Примерно за год до этого Елена Николаевна провела разведку боем: во время очередного пьяного дебоша пригрозила Кириллу, что, если он не перестанет пить и хулиганить, она с ним разведется. Раньше она эту угрозу не использовала, хранила про запас — как последний аргумент. Оказалось, зря. В ответ она услышала, собственно, то, что и предполагала услышать: «Да куда ты, старая дура, денешься. Кому ты нужна, школьная крыса». Ну и так далее, относительно ее возраста, природной глупости и нищенской зарплаты. Нечто подобное она слышала довольно часто и давно перестала реагировать на оскорбления и даже обижаться — себе дороже. Но на этот раз пассаж относительно нищенской зарплаты навел Елену Николаевну на мысль, что надо бы позаботиться о некотором финансовом резерве, который позволит ей в первое лето свободы осуществить еще один пункт долгосрочной программы. Зарплата ее и в самом деле оставляла желать лучшего, особенно в сравнении с тем количеством сил и нервов, которые она каждый день расходовала в школе, но нищенской она бы ее не назвала. Сказано — сделано, заветный конверт стал ежемесячно прирастать означенной суммой. Еще одна попытка оговорить с Кириллом условия развода закончилась примерно так же, с той лишь разницей, что в конце тирады она услышала: «Развод не дам. И не думай, и не надейся». «Дело твое», — решила для себя Елена Николаевна и, не говоря больше мужу ни слова, подала заявление на расторжение брака. Повестку в суд, которая вскоре пришла по почте на имя Кирилла, она молча положила на кухонный стол. Эффект был громкий и матерный. «Дело твое», — опять сказала про себя Елена Николаевна и стала ждать истечения трех определенных законом месяцев, после которых брак расторгается без согласия второго супруга.
Вторым пунктом ее плана числилось увольнение с работы. На следующий же день после своего дня рождения Елена Николаевна пришла в кабинет директора с заявлением об увольнении, сразу после окончания учебного года. Директор всполошился:
— Зачем же увольняться? Мы вас так ценим, да как же школа без вас, дорогая Елена Николаевна? Подумайте, взвесьте — может, поработаете еще, мы только рады будем. Вы в прекрасной форме, дети вас любят…
— Спасибо, но я для себя все решила, — заявила Елена Николаевна тоном, не оставляющим надежды.
Директор проводил ее до двери, сердечно поблагодарил за то, что предупредила заранее, — он к сентябрю успеет подыскать ей замену. Но все-таки просил не торопиться, и если к осени она передумает, возьмет ее обратно с радостью. Елена Николаевна закрыла за собой дверь и вздохнула с облегчением: еще три месяца и — свобода!
Лето в том году наступило сразу. В начале июня, когда шли выпускные экзамены, жара стояла страшная. Она сидела на экзамене по литературе, изнемогая от духоты, и думала о том, что тестовые задания по этому предмету — за пределами ее понимания. И какое счастье, что сегодняшняя пытка школьной литературой — последняя в ее жизни. Закончились экзамены, ученики уже знали, что она уходит из школы. Кто-то попрощался с ней тепло и искренне, большинство вежливо и равнодушно — их уже не интересовали школьные дела, душой и мыслями они были в своей новой взрослой жизни. Сережа Ефимов подошел к ней последним.

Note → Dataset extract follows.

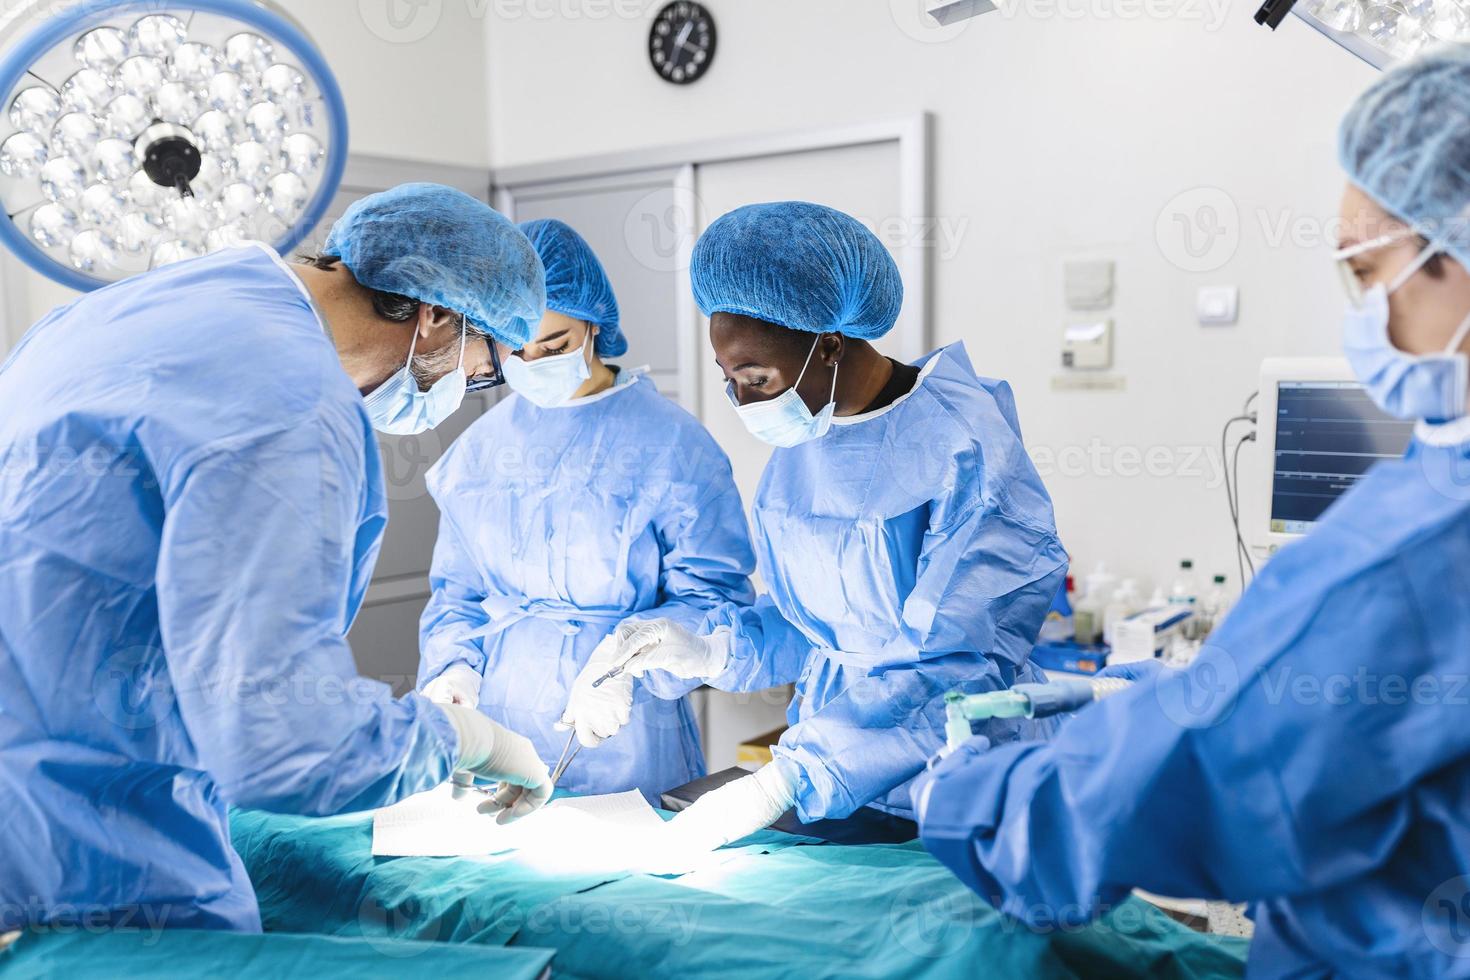 equipo quirúrgico que realiza cirugía en el quirófano moderno, equipo de médicos que se concentran en un paciente durante una cirugía, equipo de médicos que trabajan juntos durante una cirugía en el quirófano, foto

— Жалко, что вы уходите, Елена Николаевна, — мальчик — да нет, юноша с усиками и мягким баритоном, — смотрел на нее грустно — то ли прощаясь, то ли действительно сожалея.
— Почему? — искренне удивилась Елена Николаевна.
— В нашей школе вы одна, из всех учителей, знаете и любите литературу. Я у вас многому научился.
— Сережа, ты это серьезно? Разве литература нужна кому-то из вашего класса, ну, может быть, кроме тебя?